The impact of rising inflation and the cost-of-living crisis means this situation is set to worsen. Back in May, a JRF survey with Savanta ComRes showed the stark hardship already facing lower income households. The findings revealed that 60% of low-income families had gone without essentials in 2022, or someone in the household had cut down or skipped a meal or not had enough money for food in the previous 30 days

Today we’ve launched a new project with JRF exploring how to design out deep poverty and destitution in a local area. We’re really interested in different models and approaches to preventing and addressing deep poverty locally, and looking to build relationships with key partners. We’re helping JRF work towards an ambitious, practical, and large-scale piece of work to design and learn from ways to tackle destitution and deep poverty in one or more places.

Your invaluable insights will help shape the direction of the project and inform our findings. We’d love to hear about any projects you’re involved in, plus your ideas and experiences on this topic. Our Call for Learning & Ideas makes it easy for you to get involved. More details can be found on our project page.

Why focus on local and ‘place-based’ working?

This project is about the power of people and organisations coming together in a place. This is a scale where there can be a real focus on shared purpose, multiple layers of action, and the relationships, connections, and energy to make change happen. It is a scale where the public sector, voluntary organisations and communities can meaningfully collaborate and put people at the centre of their work. Through the lens of place, attention can be paid to context and history, and to listening to and working with communities and people with experience.

Action in local areas is focused not only on mitigating the impact of poverty, but also on tackling its underlying causes. Our focus on preventing poverty at place-level is not to underplay the significance of national policy, but rather to better explore the potential of local action. Local systems are inevitably constrained by the limits of national policies – most notably social security – with strict parameters. So, while this project is ambitious for the potential of local approaches, it will seek to understand the interplay with national policy and how policymakers in Westminster, and the devolved administrations, could better enable and support local systems.

What is meant by ‘designing out’?

‘Designing out’ is a statement of intent, asking what it would look like for a local area to be able to stop people experiencing deep poverty and destitution.

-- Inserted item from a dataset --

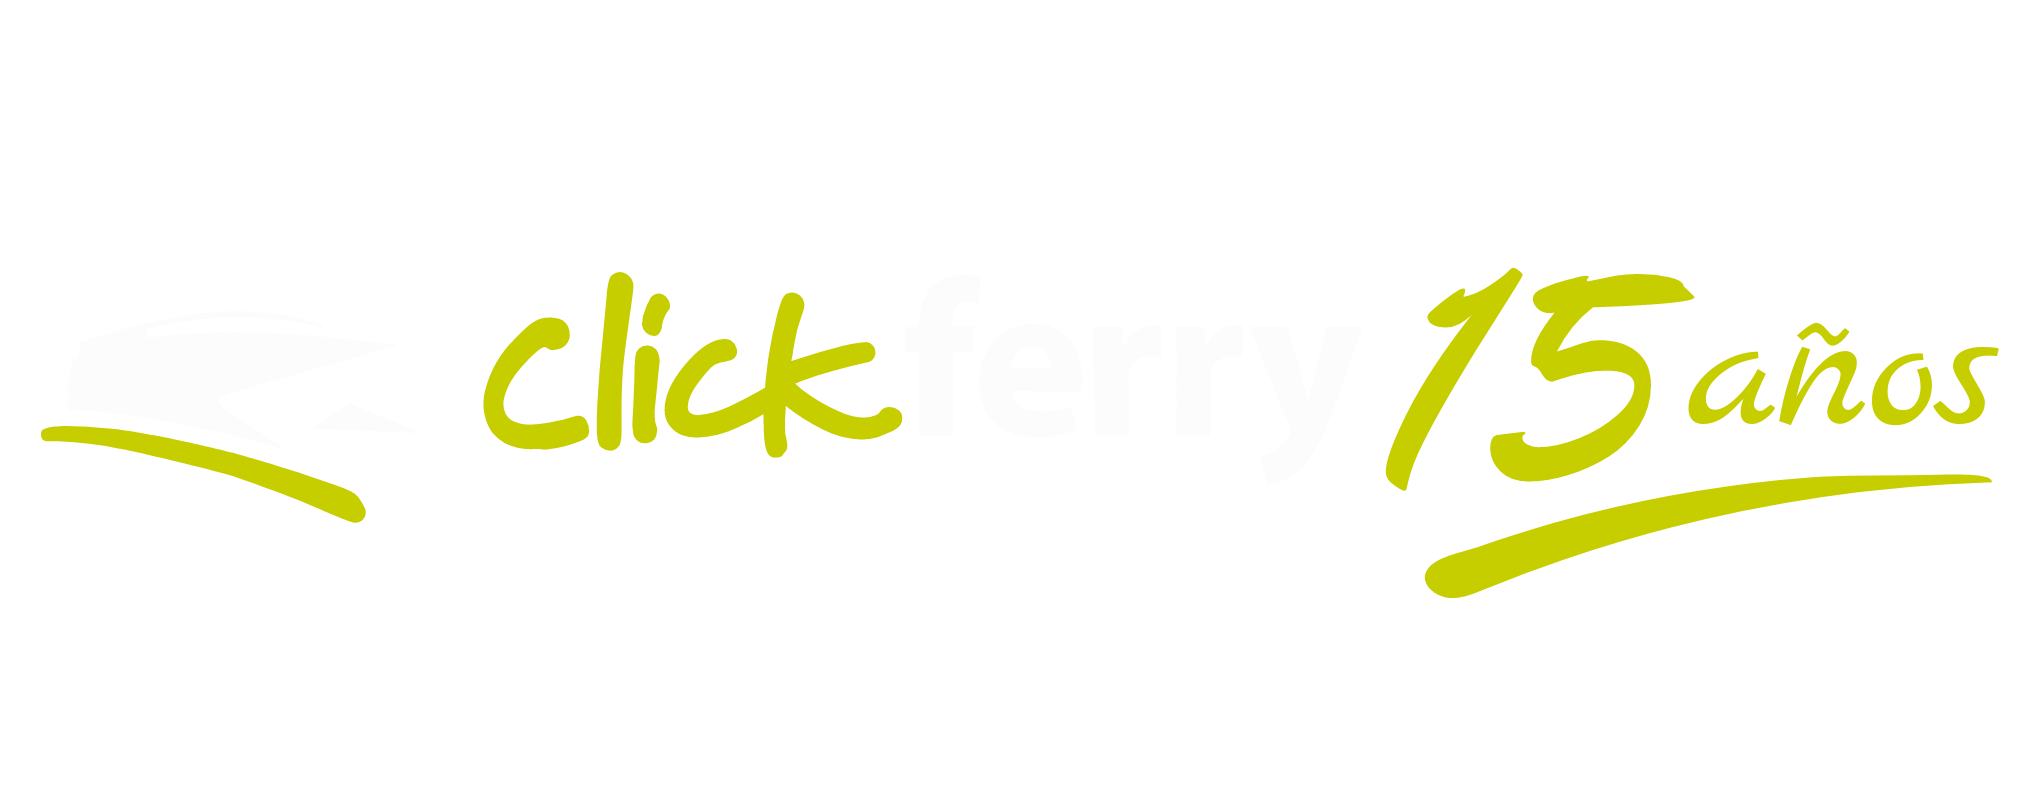 clickferry logo

Here are some of the questions an approach might explore:

  • How are services and wider networks of formal and informal support in a place coordinated so that people don’t fall between the gaps in provision?
  • How are people with experience of, or at risk of, deep poverty and destitution listened to and involved in the decisions that affect them? How are they supported to share their experiences and ideas to inform and shape the system more widely?
  • How can the services, organisations, social infrastructure, communities, and assets in a place together ensure people don’t experience deep poverty or destitution? How can broader strategies, such as those around local economic growth, contribute to tackling the underlying drivers of poverty?
  • How does the design of projects that tackle the underlying causes of deep poverty and destitution differ from the design of projects that act as emergency support?

This isn’t about any one organisation having all the answers, but rather how those within a system translate this shared mission into reality.

Such ambition should by no means diminish the scale of the task. This kind of deep, long-term place-based work isn’t easy and requires persistence, learning and iteration.

We hope this project will open up the space for a conversation exploring the learning from what is already happening in local areas, while building on this collective knowledge to consider what could be possible in the future. Your contributions to our Call for Learning & Ideas will be an important starting point.